Categories
Chairs Woodworking

Chair Repair

A couple of months ago, The Wife’s Aunt asked me if I could fix this chair. She then proceeded to show me how it was very “wobbly.” She was concerned that it would break the next time someone sat in it.

She had good reason to be concerned. The glue in most of the joints between the legs and the cross pieces had failed and in most cases the tenons were working their way apart. Somewhere along the way, someone had attempted to “fix” the problem by smearing a heavy layer of glue all over the joints. This attempt probably worked right up until someone sat in it- glue isn’t a structural medium. It’s a binding medium to use with structural elements in a project.
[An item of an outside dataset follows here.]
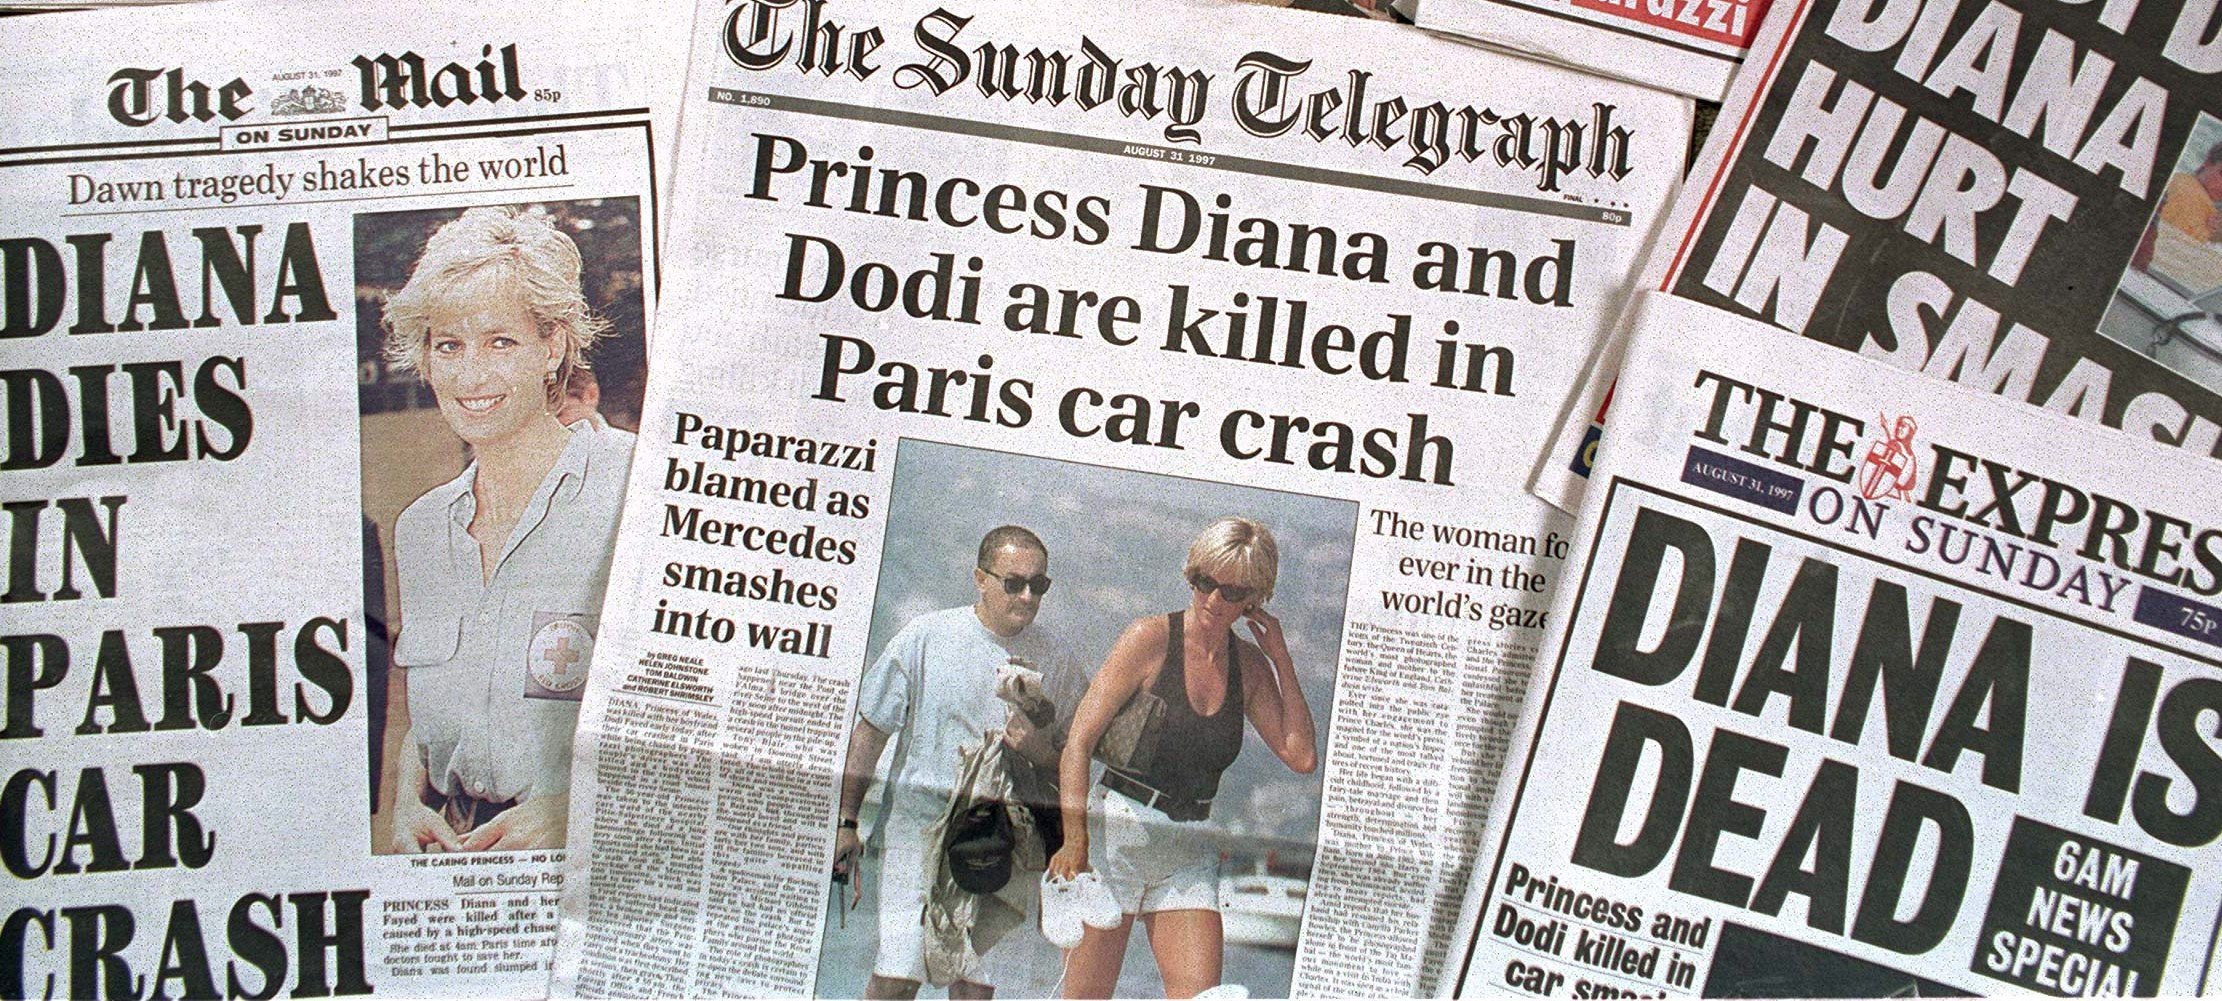 Newspaper headlines announcing the death of Princess Diana and Dodi Fayed

At any rate, after looking it over a bit I felt it was salvagable. She took the pressure off me when she said she wouldn’t be heartbroken if it wasn’t fixable. I figured I had nothing to lose since, if I broke something critical while pulling it apart, I could just tell her it didn’t work out.

But that wasn’t the goal.

There’s no real blow-by-blow here. The process was pretty simple- gently break down the chair at the failed joints, clean the mating surfaces up so they would accept a new coat of glue, then reassemble.

The process wasn’t without setbacks.

The cross pieces that form the apron around the chair at the top of the legs were not fully mortised into the legs. Rather, they were peg-mortised into the legs. I managed not to break any of the pegs on initial disassembly. But, in order to firm up the fit, I decided to cut a slit down the middle of the pegs and blind wedge them. The blind wedge caused me problems (I couldn’t get the cross pieces to fit flush against the legs because the wedge prevented me from fully seating the pieces into the leg) when I started reassembling and I broke a number of the pegs when subsequently disassembling things.
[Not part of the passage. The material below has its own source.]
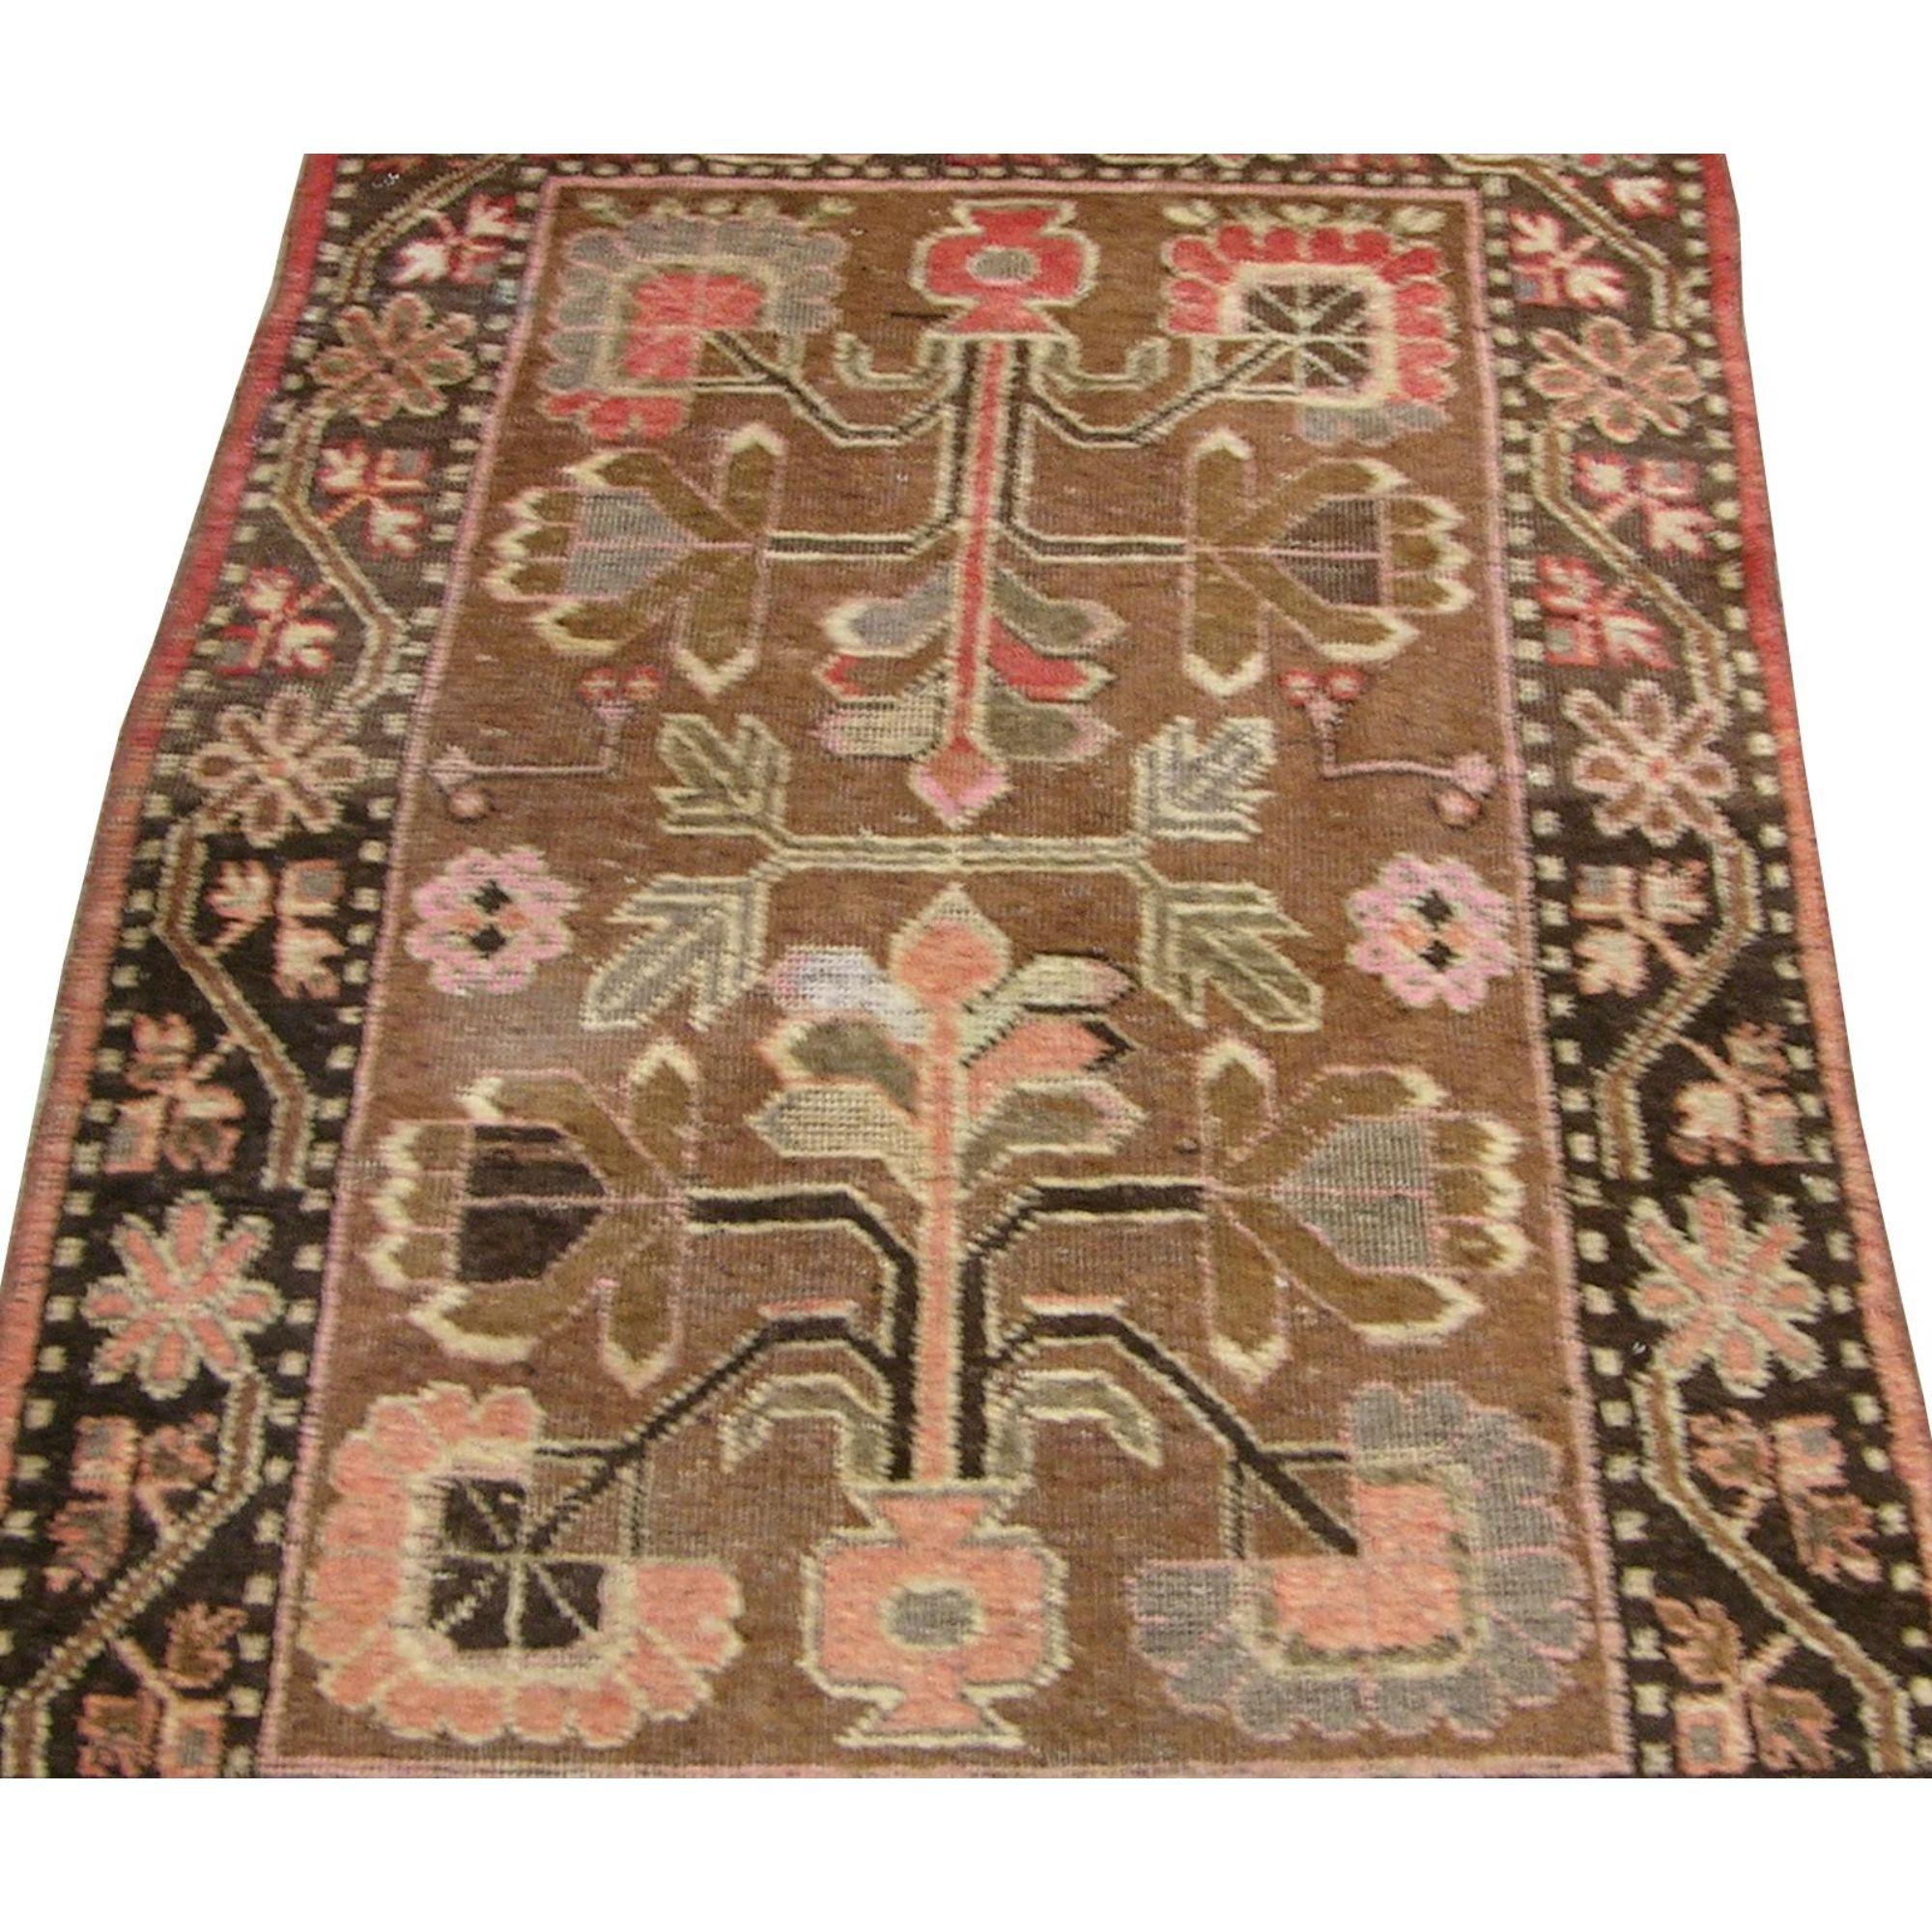 Other Early-19th Century Authentic Uzbek Samarkand Rug 4'8'' X 2'9'' For Sale

If there’s a next time, I’ll just cut the pegs off and redrill the mortise holes and use some dowel rod for the peg-tenons, rather than trying to reuse. This process has the added benefit of making a good tight joinery fit without legacy glue to worry about.

Finally, I had some miscellaneous observations regarding the construction:

  1. The pegged tenons are bad for a chair. In fact, any kind of tenon with a shoulder on any edge is a bad idea. Why? It creates a fulcrum for the cross piece that will break the glue bond through the racking action a chair suffers through. Screws and hardware can’t fix the problem either.
  2. In the pictures above, you can see the corner braces used to reinforce the chairs structure. Again, not so sure they are a great idea because they create a force that can actually work to compromise the joinery. The box style finger joints aren’t a bad touch though.
  3. Having screws penetrate up into the seat area seems like a bad idea for the sitter. Know what I mean?